Ziva tugged on Enaya’s hand, spinning her round. ‘Stop.’

‘What?’

‘Nothing. I just want to look at you. I could never stop looking at you.’ Enaya stood still and Ziva drank her in. En was nearly a foot taller than Ziva, her long dark face framed by luscious black hair that shone all the way down to her waist. She had a perfect nose and huge dark brown eyes and a smile, when she let it out, that broke sorrow with hope. She wore a high-collared dress tonight, in embroidered white silk that flowed all the way down her to the ground and with a cream Roman chasuble over the top. There were designs woven in to the fabric of the chasuble, characters in old Arabic that Ziva couldn’t read. She took the chasuble in her hands. ‘This one’s new. What do the words say?’

‘Family. Honour. Loyalty. Friendship.’ En was blushing now.

‘You’ve always been too damn tall to kiss properly.’ Ziva had something in her eye again. She blinked it away. ‘I’ve missed you,’ she said.

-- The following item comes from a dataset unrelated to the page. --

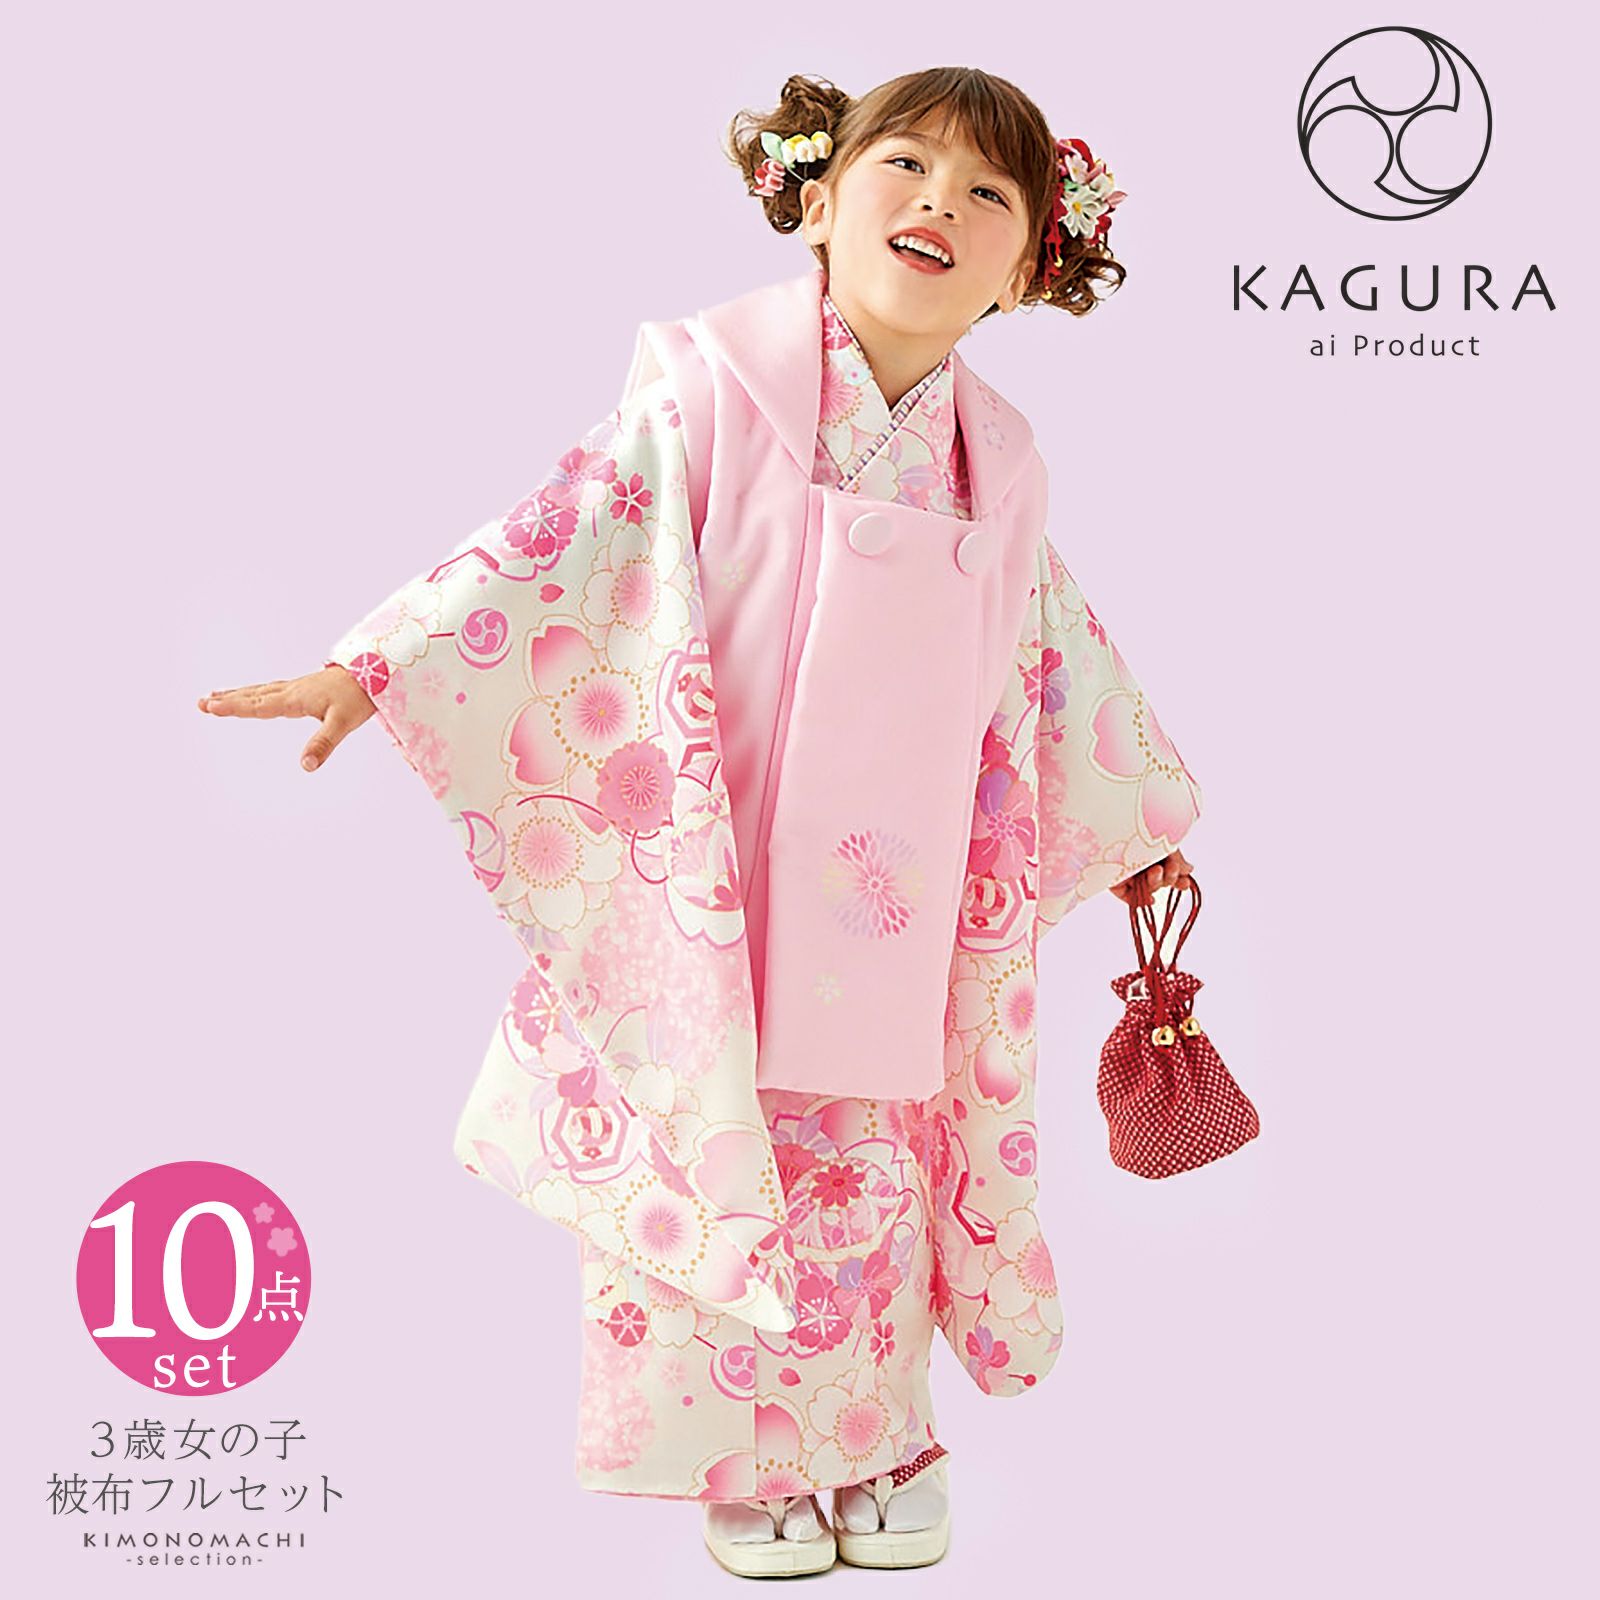 七五三 着物 3歳 女の子 ブランド被布セット KAGURA カグラ 「クリームピンク　桜手毬」 三歳女児被布セット 子供着物 フルセット  三才のお祝い着 3才向け 日本製 【メール便不可】 | 京都きもの町

Enaya led her on to a quiet place on the edge of the rim – the Sungrazer, a name which made Ziva groan because it was obviously named after the quadruple platinum Jjagged Bbanner recording – now hundred-year-old background muzak that everyone and his dog across the Federation must surely be sick of hearing by now; but En took her hand and pulled her in anyway. She tugged Ziva through a sprawl of discreet tables, each tucked away in its own nook. Plants and shrubs broke up the space, providing the illusion of a pleasant evening garden on the surface of some balmy world. The outside wall of the rim was transparent and through it Ziva could see out into space, to the stars, to the vast curve of New California a few hundred miles below. The sun was somewhere on the other side of the station and most of the planet below was in daylight. Now and then bright lights flared as ships moved in and out of lower orbits.